I have had this happen and found a simple fix was to put Roamio into standby for a few seconds.


----------



## DrewTivo (Mar 30, 2005)

Yes - just had this problem this morning (not first time). Standby does the trick.


----------



## Old Hickory (Jan 13, 2011)

Yes and like others I've found that a quick standby will fix the issue. 

Strange.


----------



## ertyu (Nov 4, 2003)

I always go into the sound settings, switch to Dolby, go out of the menu, then back in and set the sound back. Standby sounds quicker, I'll have to try that.


----------



## JoeKustra (Dec 7, 2012)

This might not help, but my box, which goes through an AVR, has been coming up in PCM recently. I found that just hitting Pause (which kills audio), then Pause again starts the audio in DD.


----------



## rainwater (Sep 21, 2004)

This bug has been around for about 5 years or more. Maybe one day there will be a fix...


----------



## atmuscarella (Oct 11, 2005)

rainwater said:


> This bug has been around for about 5 years or more. Maybe one day there will be a fix...

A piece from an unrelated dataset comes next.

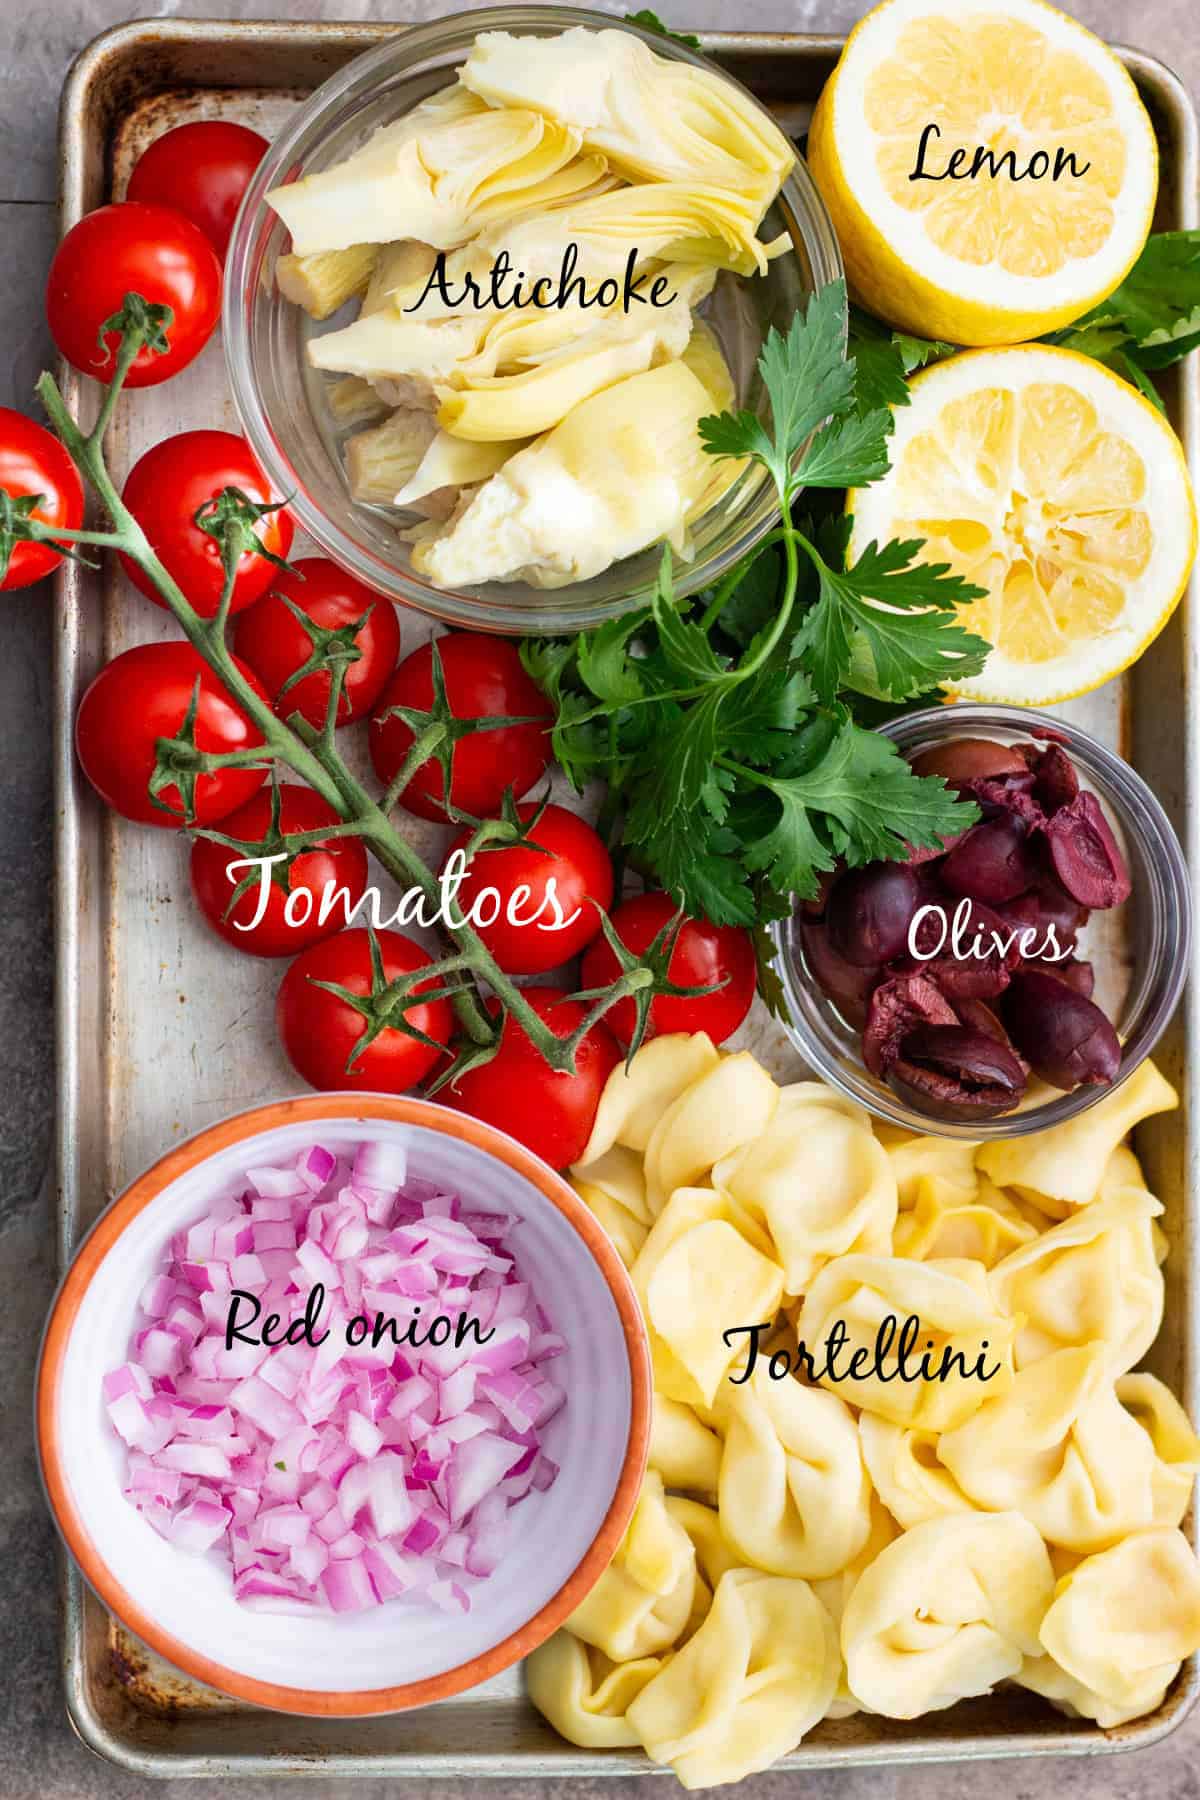 Ingredients to make Mediterranean tortellini salad. 
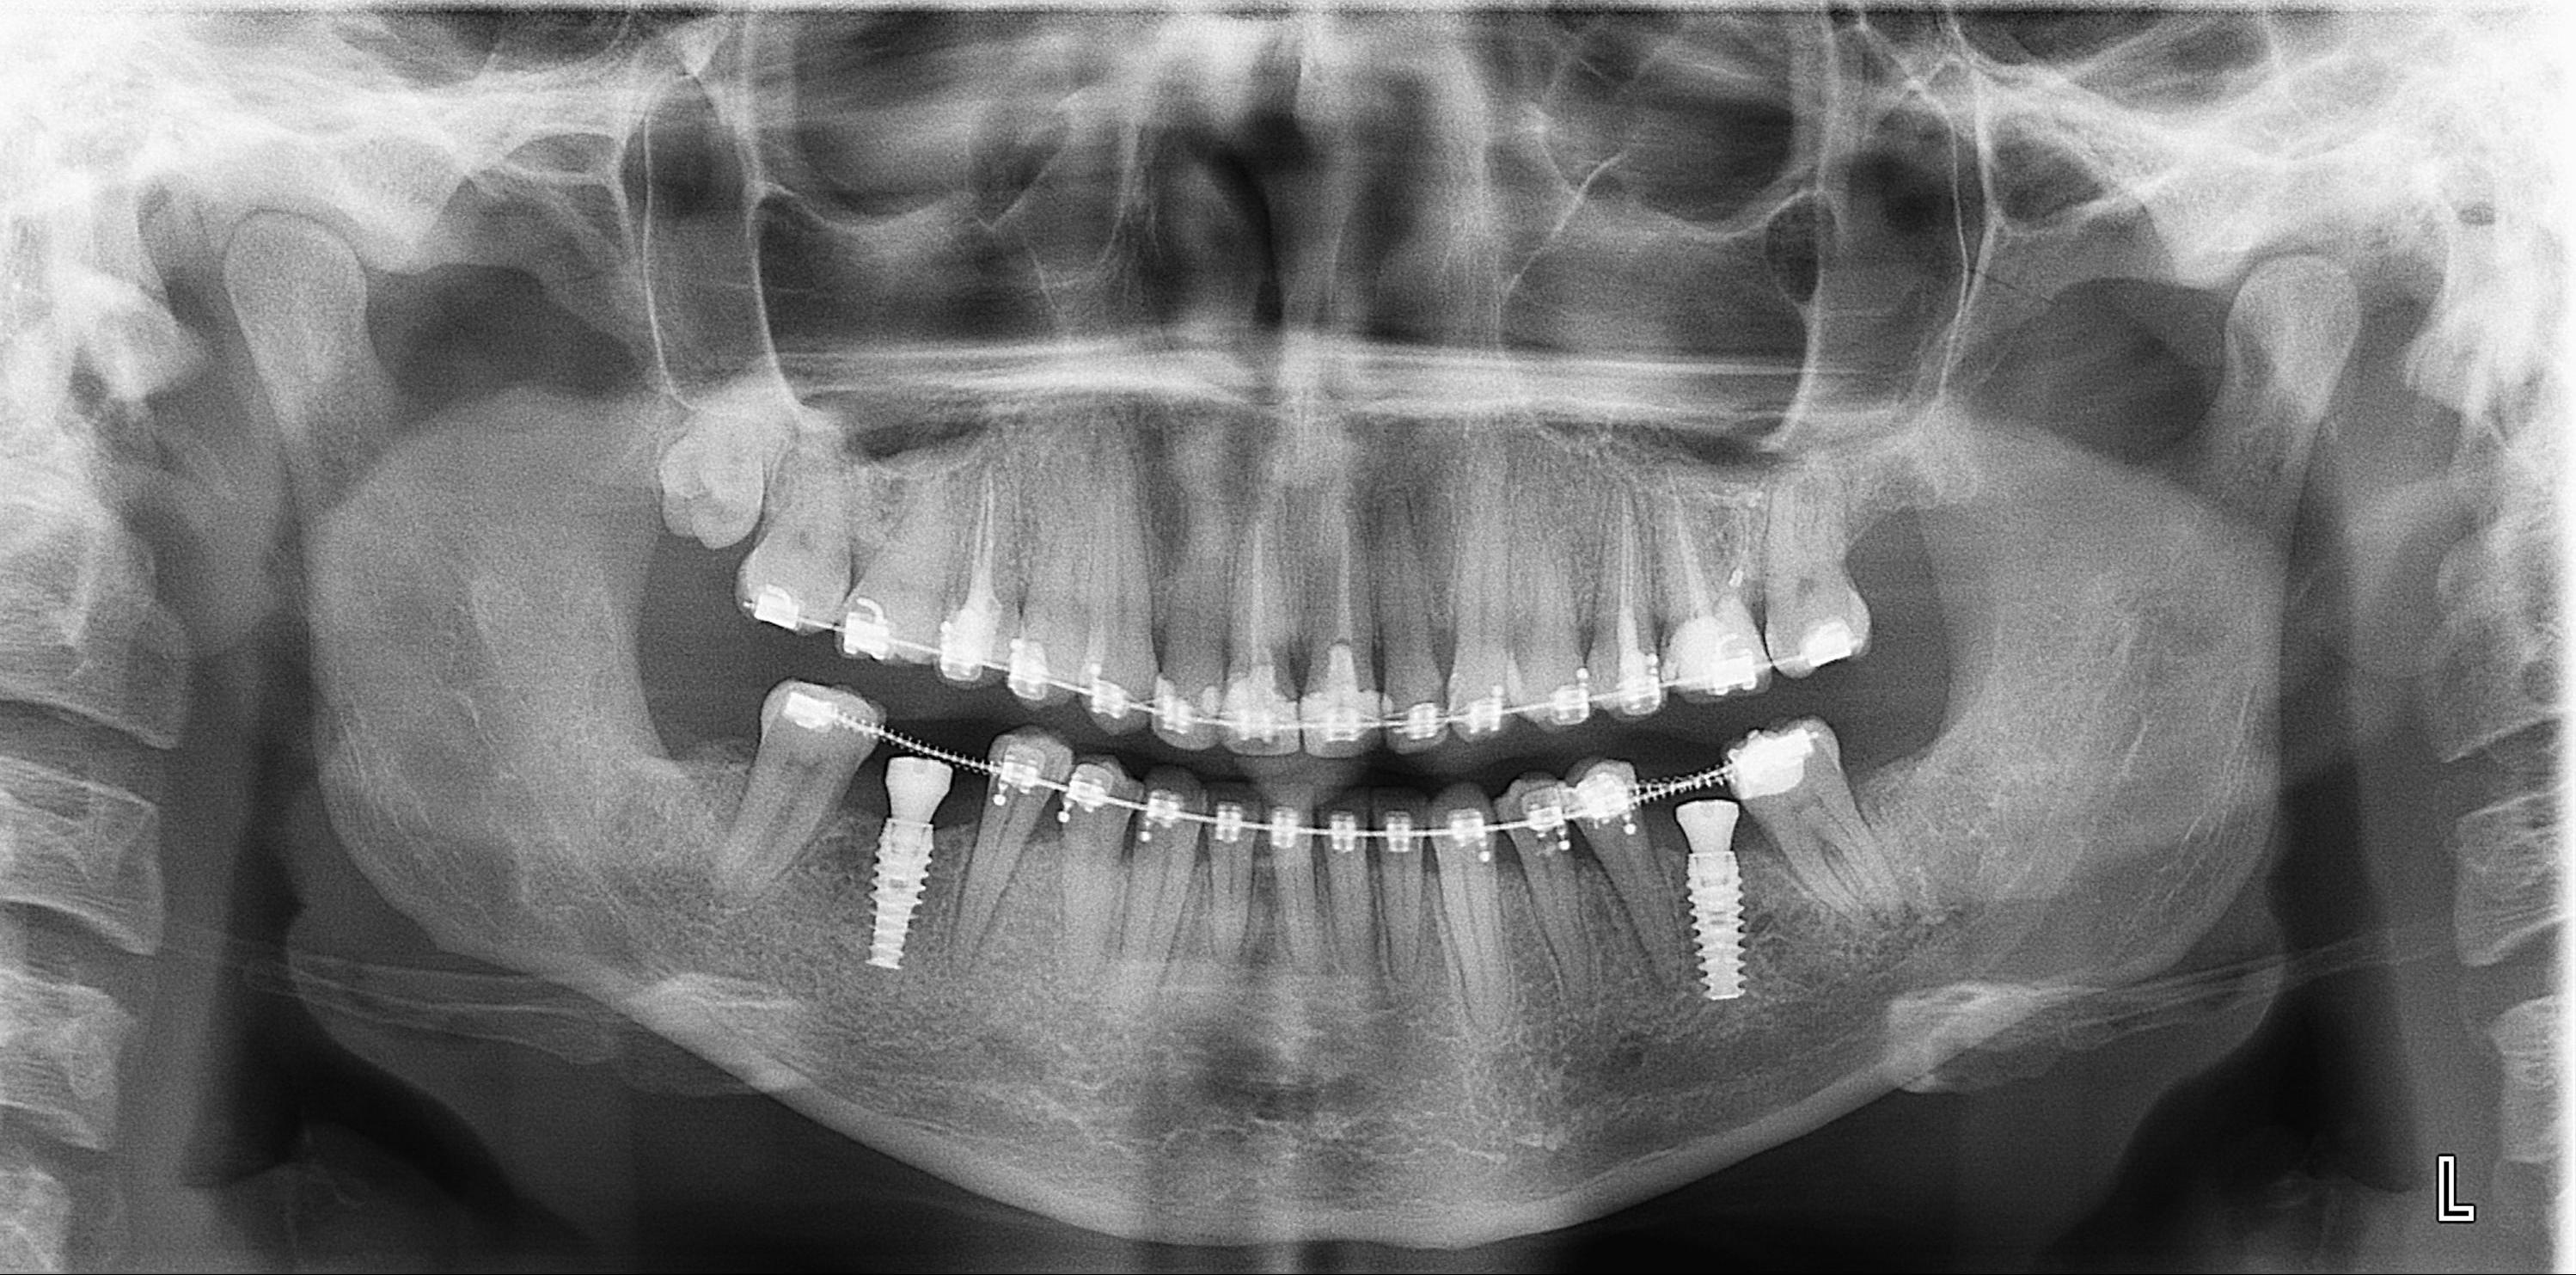 Расшифровка ортопантомограммы (ОПТГ) зубных рядов

5 years? The OP hardware hasn't existed for 3 years yet and the software went through a complete rewrite less than 2 years ago.


----------



## tarheelblue32 (Jan 13, 2014)

atmuscarella said:


> 5 years? The OP hardware hasn't existed for 3 years yet and the software went through a complete rewrite less than 2 years ago.


I assume it was a problem on the Premieres too. I've had my Roamio Plus for about 3 years and have had this problem that entire time. It doesn't happen that often, but when it does it's very annoying. You'd think TiVo could fix this after at least 3-5 years. The static burst sometimes happens to me when switching from an HD screen to an SD screen in the UI. You'd think that TiVo could finally get the entire UI to all HD screens.


----------



## rainwater (Sep 21, 2004)

atmuscarella said:


> 5 years? The OP hardware hasn't existed for 3 years yet and the software went through a complete rewrite less than 2 years ago.


The issue came with the original Premiere and hasn't changed since. Changes in the UI haven't made a difference. I've reported it to TiVo too many times to count.


----------



## atmuscarella (Oct 11, 2005)

rainwater said:


> The issue came with the original Premiere and hasn't changed since. Changes in the UI haven't made a difference. I've reported it to TiVo too many times to count.


Interesting. While I have a Premiere , Roamio, & Bolt, I pay so little attention to the TiVo sounds I really have no idea if they have ever stopped working on any of my units. I have a hard time believing it could be a hardware problem (but who knows) more likely there is some hidden software problem, that is only triggered by a certain set of circumstances.


----------



## rainwater (Sep 21, 2004)

atmuscarella said:


> Interesting. While I have a Premiere , Roamio, & Bolt, I pay so little attention to the TiVo sounds I really have no idea if they have ever stopped working on any of my units. I have a hard time believing it could be a hardware problem (but who knows) more likely there is some hidden software problem, that is only triggered by a certain set of circumstances.


It happens rarely but when it does you will hear a loud blast of static. It is unmistakable. I am actually scared it will blow my soundbar speakers one day. It would seem to be a software problem as I can't imagine a hardware problem lasting that many generations of TiVos.


----------



## MacBrian (Feb 24, 2002)

rainwater said:


> I am actually scared it will blow my soundbar speakers one day.


I'm concerned about it blowing my EARS...or worse, giving me a heart attack! 

That blast of static can be quite alarming when it happens...and then after it happens I jump back _into_ my skin - I get irked that this bug is still around.


----------



## aaronwt (Jan 31, 2002)

But it's so rare. Between all my TiVos I might run into it once every year or two.


----------



## tarheelblue32 (Jan 13, 2014)

aaronwt said:


> But it's so rare. Between all my TiVos I might run into it once every year or two.


The point is that it should never happen at all, but it seems that just about everyone that uses a TiVo has had it happen to them at least once.


----------



## series5orpremier (Jul 6, 2013)

I don't remember it on a scale of years ago but it's been happening to me quite frequently lately while in the menus with a program in the picture window.


----------



## Tipperton (May 23, 2017)

I've had a TiVo Bolt now for about six months and have had the static problem occur at least three times. In every case the static does not go away and drowns out everything, including the screen reader which I need because I am blind.

The stand by trick doesn't work for me because I have no way to navigate to it with the screen reader pretty well drowned out, I can just hear it but it is unintelligible through the static.

The next time it happens, I'll have to try the pause trick, I don't think I've ever tried that one before.

Otherwise, my only option is to unplug the box for 30 seconds, then plug it back in and wait for it to boot up.


----------